Outdoor activities include champion polo games (in season) and polo practice games, horse-back riding, swimming, and more. Authentic traditions such as asado (grilled meats) and the ceremonious Yerba maté tea tasting (a bitter caffeine drink), as well as guacho entertainment including folk dancing, equestrian skills, and other distractions are all available. When it is time to dine, La Bamba will offer visitors to this Latin American paradise international-quality cuisine, tastefully seasoned with Argentine flare, which will leave the palate yearning for more.
Only a few miles away from the ranch is the 18th-century colonial town of San Antonio de Areco, a setting for frequent country auctions. In this quaint town, which is the birthplace of Gaucho tradition, there are some worthwhile attractions to see. Along its narrow colonial streets you’ll find the silversmith and leather craftsman workshops, a chocolate factory, and the Ricardo Güiraldes Gaucho Museum.
The latter is a celebrated museum honoring the Argentine cowboys made famous in Güiraldes’ cult novel Don Segundo Sombra. If you can pull yourself away from the pleasures at La Bamba, you may find this charming town to be worth a brief visit.

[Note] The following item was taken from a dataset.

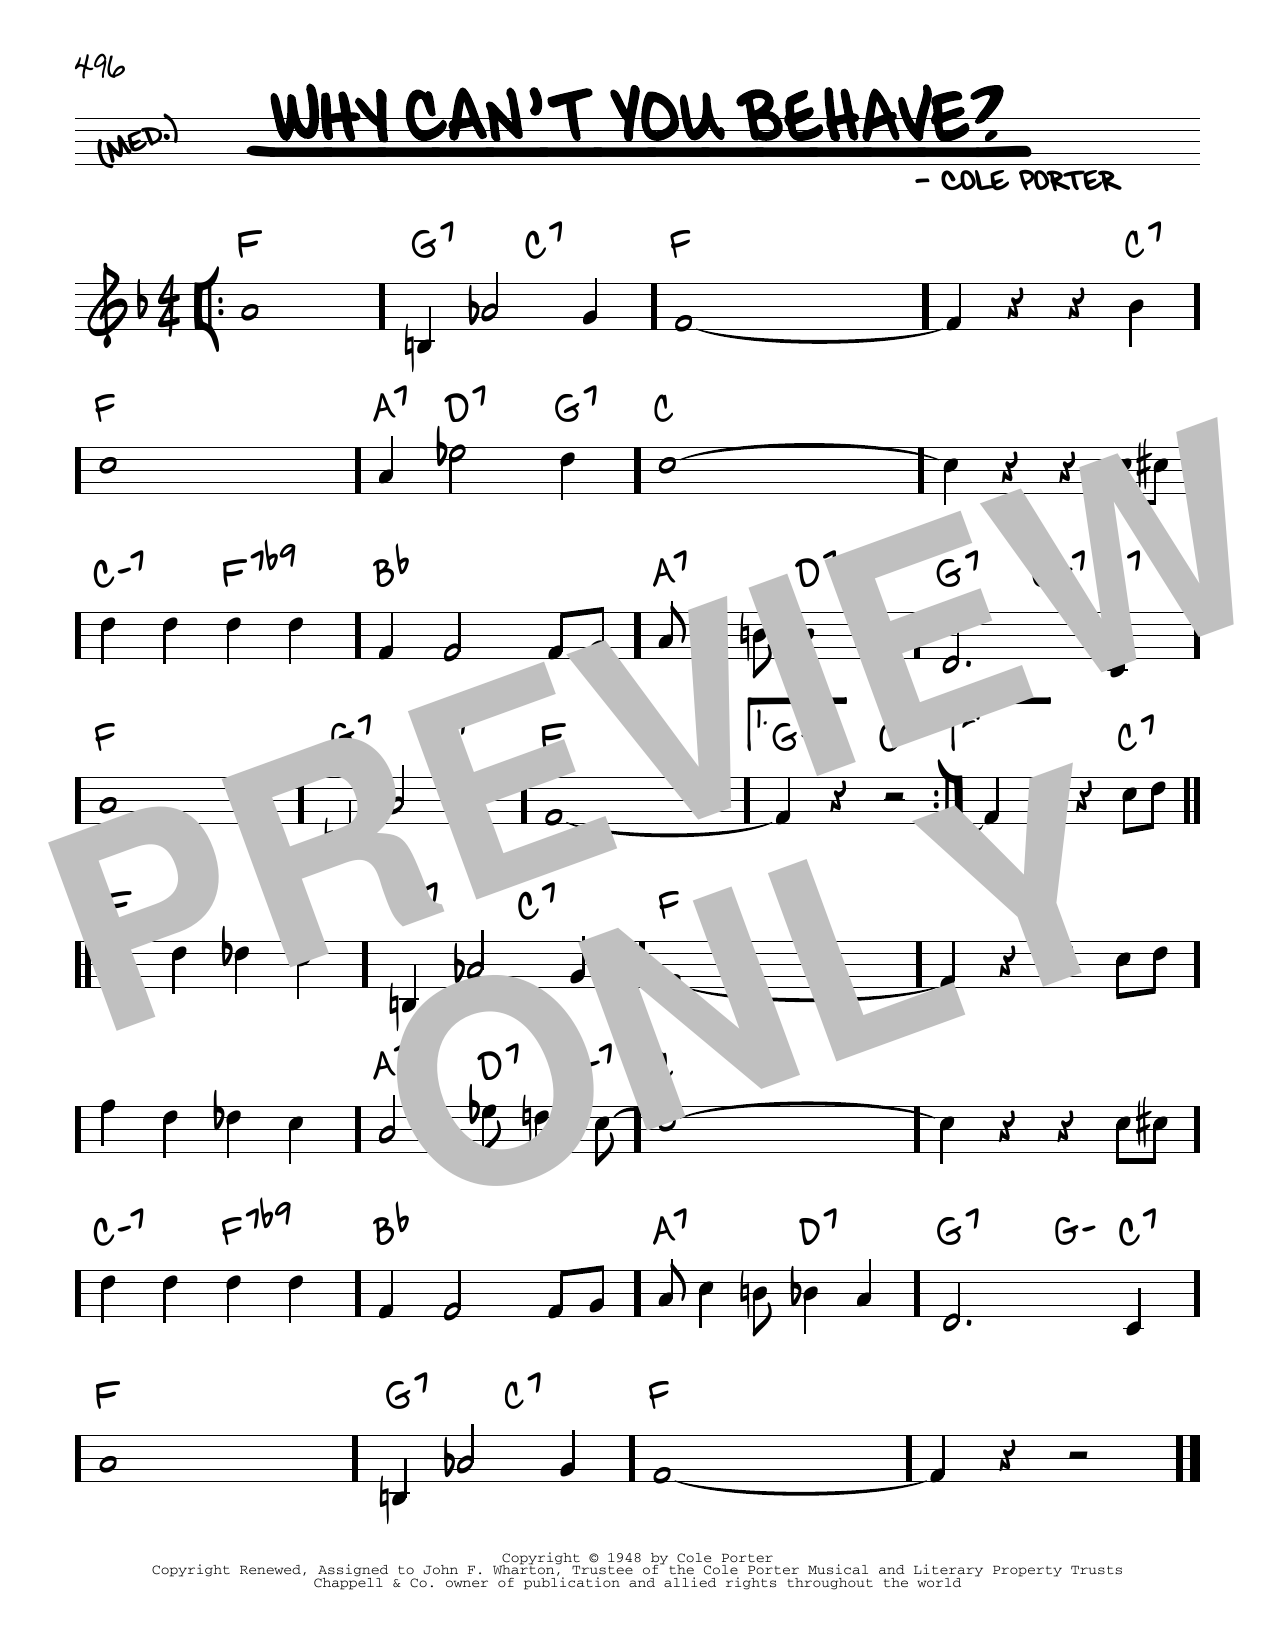 Download Cole Porter Why Can't You Behave? Sheet Music

Cost: In season price range (September – August) is US$ 790 to US$ 1,390. These prices include meals, drinks, and most outdoor activities.
El Ombú de Areco
Another historical property with character only about 70 miles from Buenos Aires is El Ombú de Areco. Built in 1880 by Lieutenant-general Pablo Richeri, it too is near San Antonio de Areco.
This 750-acre working farm has a hacienda-style main house with a 10-acre park. A covered gallery overlooks the park, which is dominated with large umbrella-shaped ombú trees. These unique trees are as common to the Pampas as the Banyan trees are to India. It isn’t unusual to see guachos under them, shading themselves from the sun or protecting themselves from the rain, during their breaks from work.
But the ombú trees are only one of the many trees in this well-maintained parkland. Others include the centennial oaks, araucarias (monkey-puzzle trees), palms, eucalyptus, casuarinas and magnolias. Strollers through the park can follow lagoons and small water courses to the Areco River.
Along the way, guests will enjoy the pleasant scent of gardenias, roses and lime trees, and listen to the songs and the calls of a diverse population of birds that will dazzle them with their beautiful plumage. It isn’t uncommon for parrots to appear suddenly out of nowhere and in noisy haste race across the path.
Visitors to this 750-acre estancia, whether for a day or a week, are free to participate in the various stock-rearing activities on this working ranch – such as milking cows, driving the cattle to harness, horseback riding, and more, under the guidance of experienced gauchos.
For those seeking more traditional activities, you can enjoy horse-drawn carriage rides, swimming, volleyball, football, bicycle riding, as well as golf and tennis at a nearby country club. At night they can sit around and gaze at the stars, while being entertained by a guitar-playing gaucho. For many, the highlight of a visit is an elaborate asado luncheon and a performance by gauchos, demonstrating their equestrian skills.
Although El Ombú is a working ranch, it is equipped to handle visitors by the day or the week. The main building offers nine spacious guest rooms with first-class amenities, furnished comfortably with antiques. The living room is used as a spacious common room, with satellite TV and videos, billiard table, chess boards, cards and, adjacent to the room, is ping-pong, metegol (table football), and foosball tables.
Cost: Overnight rates run from US$ 205 to US$ 305 per adult. This includes VAT, full board, soft drinks, wines, beer, and all activities (except special events).